Fairfield Site, Station Road, Elsenham, Bishop’s Stortford, Hertfordshire CM22 6LB

Outline application with all matters reserved, except access, for up to 800 dwellings; up to 0.5ha of class B1a and B1c employment uses; up to 1,400sqm of retail uses; a primary school; up to 640sqm of Health Centre use; up to 600sqm of community buildings; up to 150sqm of changing rooms; access roads including access points to B1051 Henham Road and Old Mead Road, a construction access and haul route from B1051 Henham Road, a Waste Water Treatment Works access from Bedwell Road, and provision of a link road at Elsenham Cross between the B1051 Henham Road and Hall Road; a Waste Water Treatment Works and other associated infrastructure, landscaping and boundary treatment works. Demolition of all existing buildings.

Objections

  • This proposal should not be seen as ‘just’ for 800 dwellings on 51ha, but clearly as phase 1 of a 3,000 dwelling development on the 265ha under the control of the applicant. This is not made explicit in the submitted material, but not denied by the developer. Even the 800 dwellings would almost double the size of Elsenham (around 1000 existing dwellings) and be far too much development added onto a small settlement. It is much more sustainable to add urban extensions of this scale to the main towns in the District (Saffron Walden, Gt Dunmow) with proper access to schools, employment, retailing and community services. This is the strategy of the emerging Local Plan.

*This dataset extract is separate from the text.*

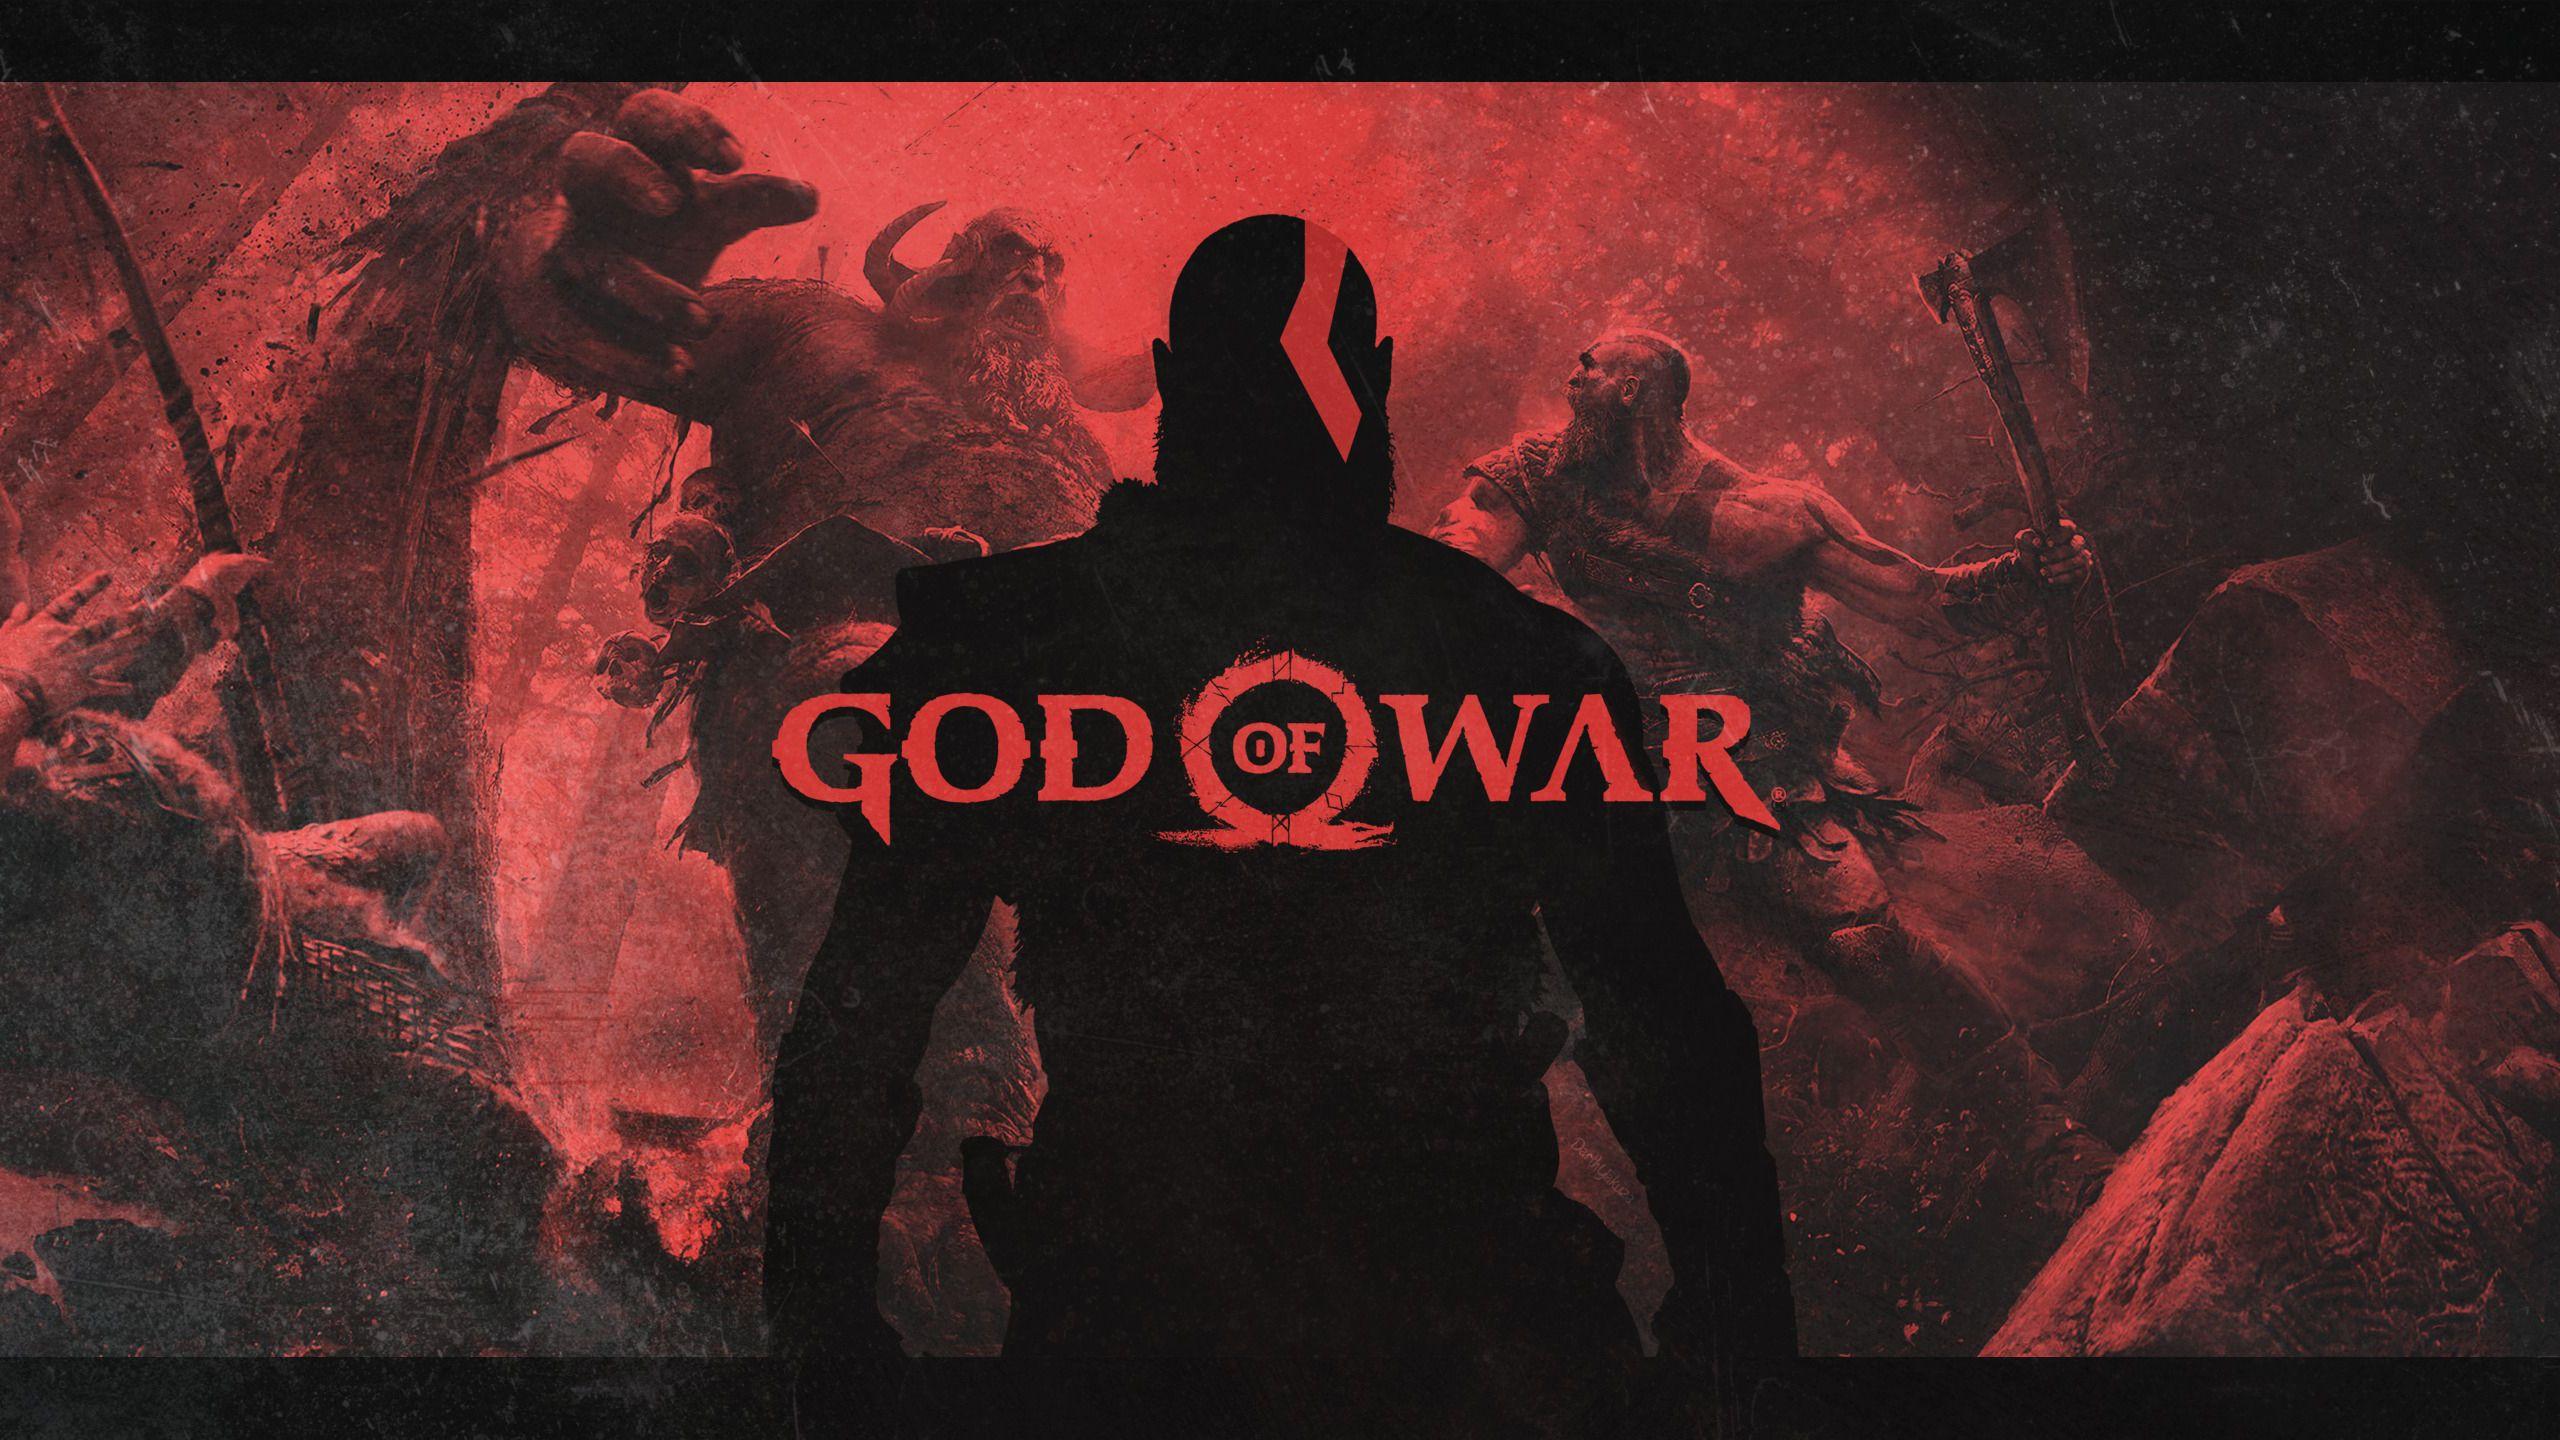 Download 720x1280 Wallpaper Kratos Artwork God Of War Samsung Galaxy Mini S3 S5 Neo Alpha Sony Xperia Compact Z1 Kratos God Of War God Of War Kratos Art

  • The site has been twice rejected for major development - by Government for the ‘ecotown’ in 2009 and in the UDC in the Draft Local Plan 2012.

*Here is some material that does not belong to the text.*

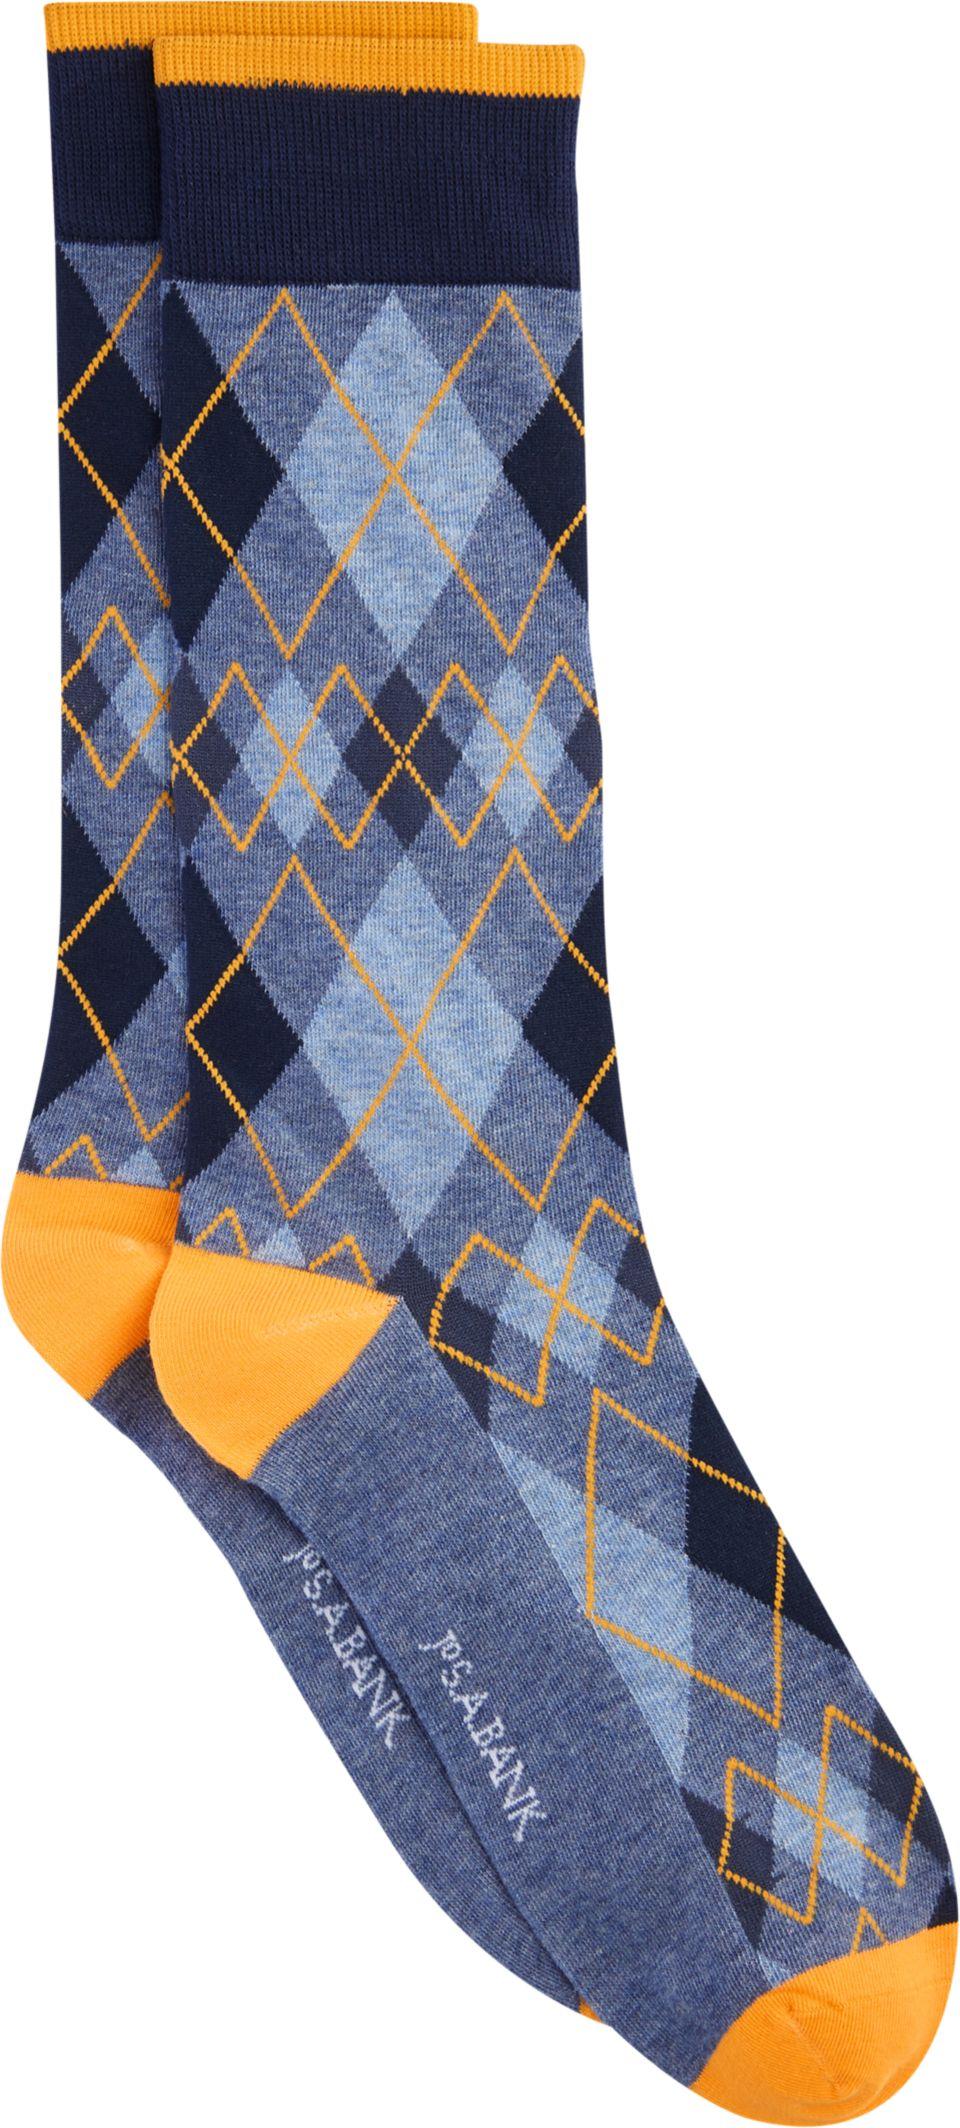 7408afa51f0f Jos. A. Bank Diamond Pattern Socks, 1-Pair   Products   Patterned ...

  • Government identified the following weaknesses in 2009 with this location, and these remain:
  • within a water stressed area
  • capacity of the local road network
  • improved train services at Elsenham would be at the expense ofservices at other nearby stops
  • impact on the character of nearby villages
  • loss of agricultural land
  • presence of protected species in the vicinity
  • generally moderate archaeological potential
  • Development on this scale should be pursued through the local plan process when all potential sites can be evaluated together through the ‘plan led system’ advocated by Government policy. The Planning Statement states that the larger scheme is to be promoted through the Local Plan system, the 800 dwelling scheme should not be pursued differently. If permitted it could compromise proper consideration of the development proposal as a whole.
  • This is an opportunistic application being made in an attempt to bypass the proper process and deny the legitimate involvement of the local community in the planning of its surroundings.
  • No evidence is presented to show that the site would make more than marginal contribution to housing land supply. Other sites which already been identified in the emerging Local Plan (after responding to extensive public consultation) are already the subject of planning applications which will make a more meaningful and sustainable contribution to housing supply.
  • Large numbers of affordable houses would be better located adjoining the main towns where new occupants have family links, not in a remote and cut off location as proposed.
  • The access roads which serve Elsenham and Henham are winding country lanes with inadequate widths and junctions. The road system is wholly unsuitable for even 800 new houses, let alone 3,000.
  • 800 or even 3000 dwellings are too small to support essential services such as a secondary school.
  • Even the size of Elsenham as proposed would be too small to support a supermarket leading to shoppers using cars to access existing stores. It would also be too small to attract significant employers and the station would encourage a commuter settlement.
  • The eventual development would create the coalescence of Elsenham and Henham causing loss if identity and character.
  • The countryside setting around Elsenham and Henham would be destroyed by this development; pleasant landscape would be lost forever.